-- Extracted data follows --

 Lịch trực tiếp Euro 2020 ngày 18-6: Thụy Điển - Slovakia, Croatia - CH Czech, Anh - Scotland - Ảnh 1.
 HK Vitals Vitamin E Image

-- Extracted data concluded --
-- Extracted data follows --

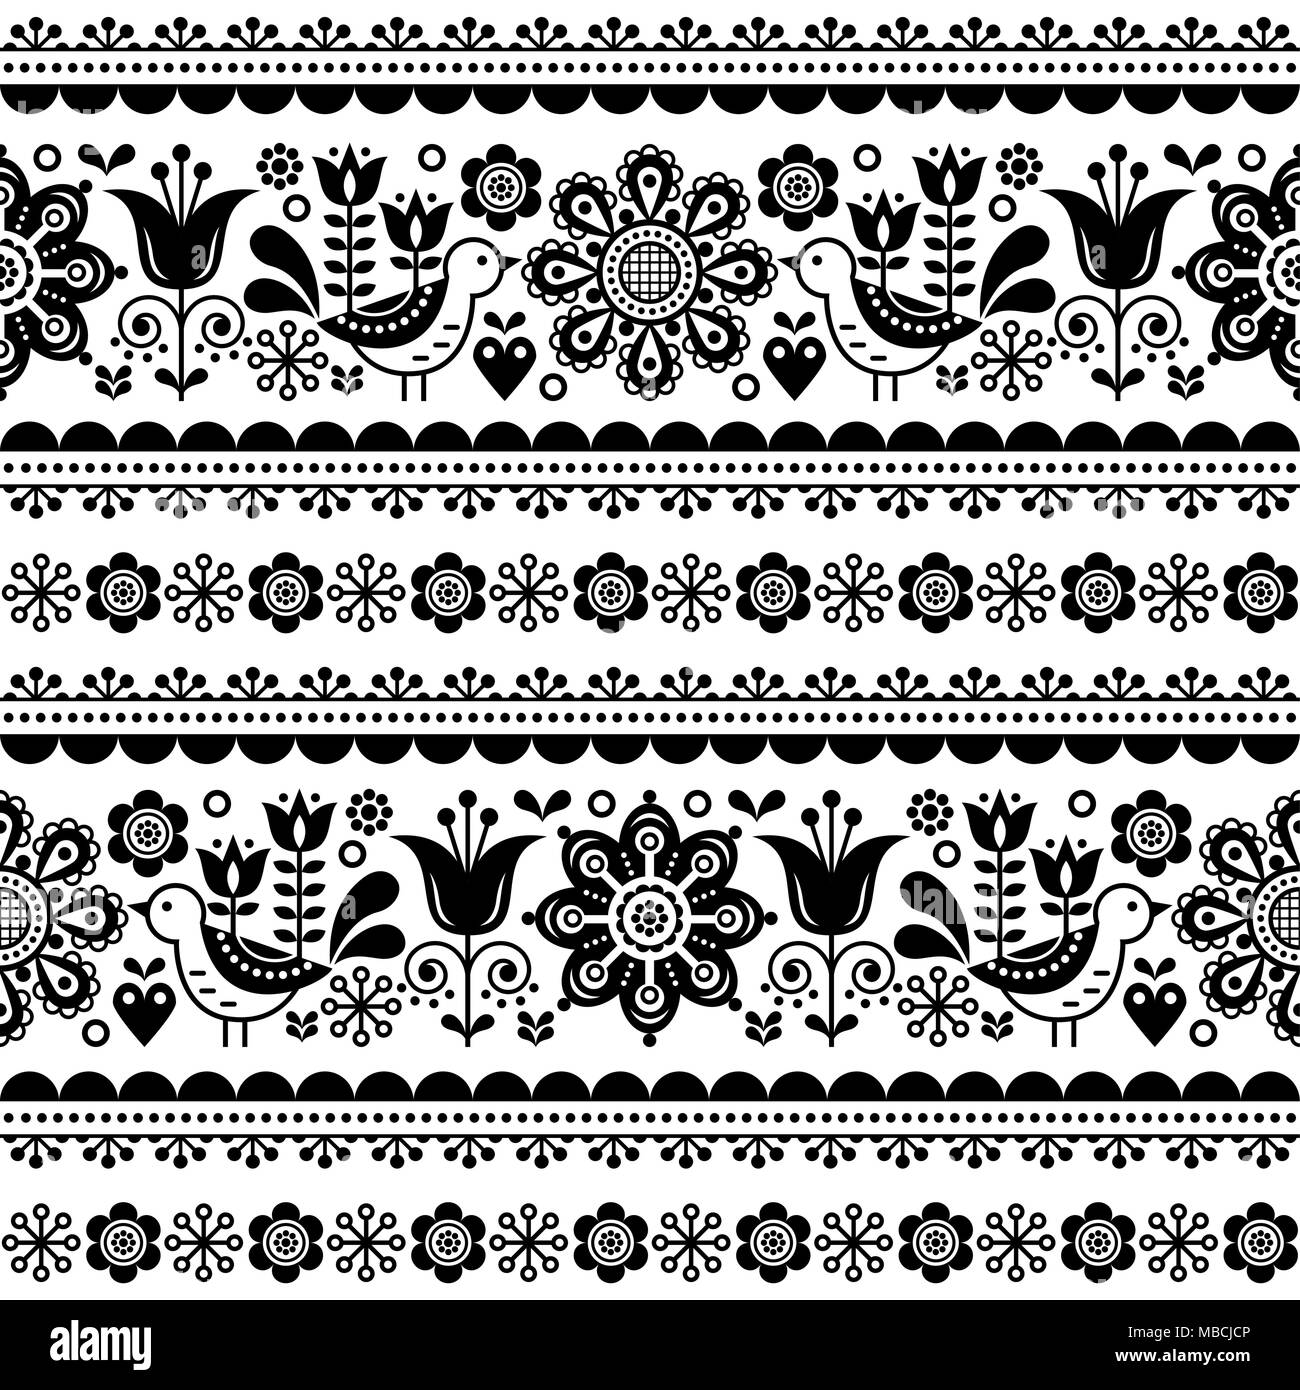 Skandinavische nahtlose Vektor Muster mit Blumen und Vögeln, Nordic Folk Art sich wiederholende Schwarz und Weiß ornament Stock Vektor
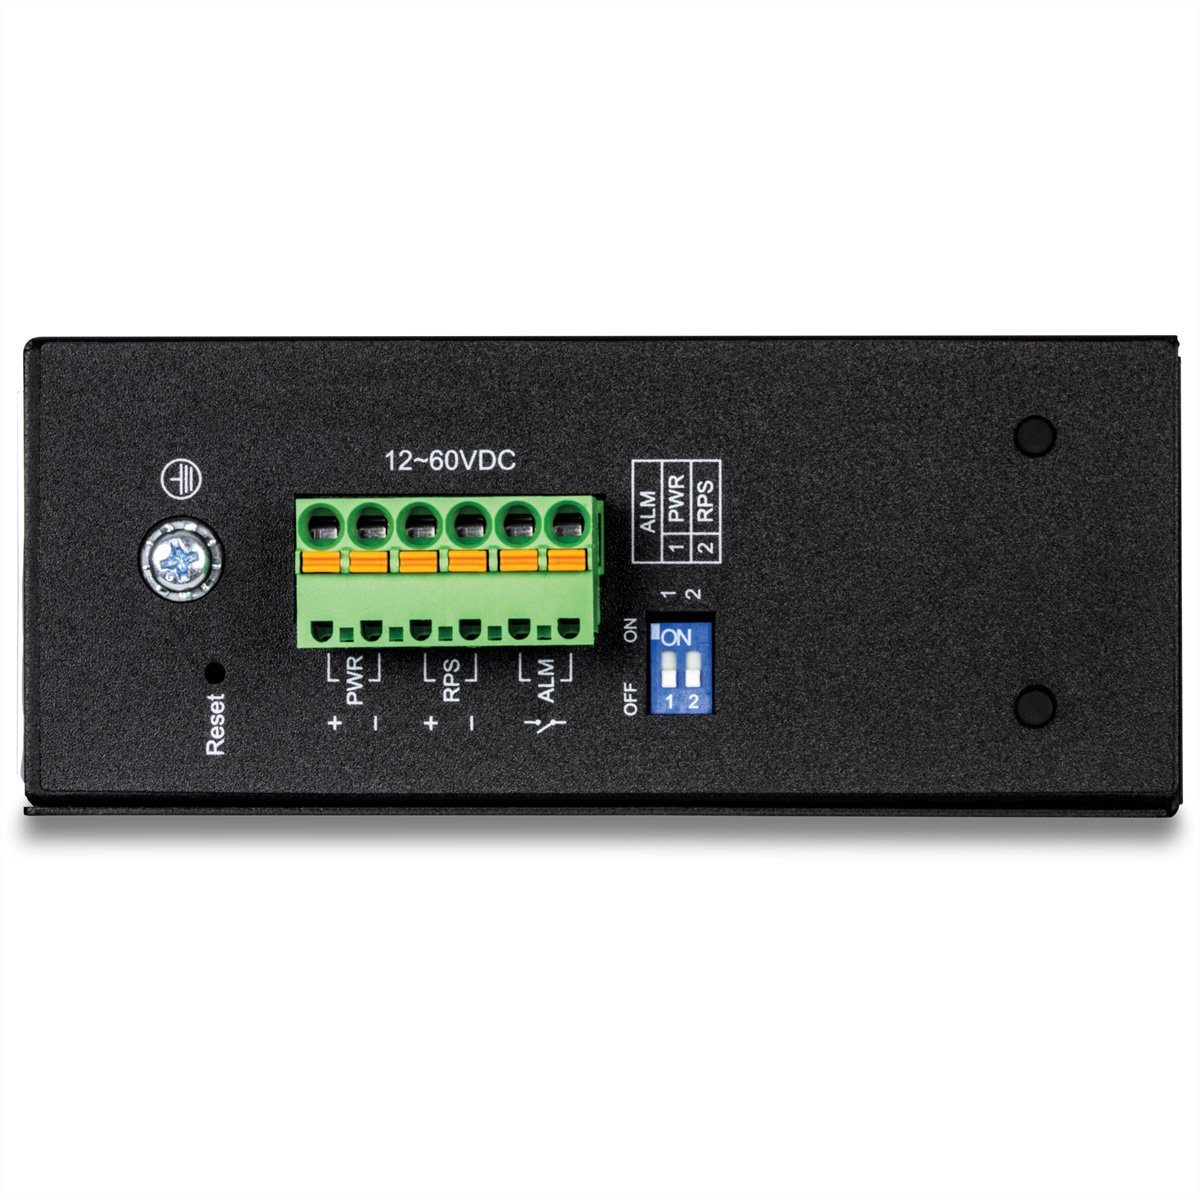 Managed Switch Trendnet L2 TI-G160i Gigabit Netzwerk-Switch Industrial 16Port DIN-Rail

-- Extracted data concluded --

* _What is needed_
In the listing above, find the line containing "Skandinavische nahtlose Vektor" and the line containing "Managed Switch Trendnet". Print those two lines and every line between them exactly, with no pictures.

* _Answer to this exercise_
 Skandinavische nahtlose Vektor Muster mit Blumen und Vögeln, Nordic Folk Art sich wiederholende Schwarz und Weiß ornament Stock Vektor
 Managed Switch Trendnet L2 TI-G160i Gigabit Netzwerk-Switch Industrial 16Port DIN-Rail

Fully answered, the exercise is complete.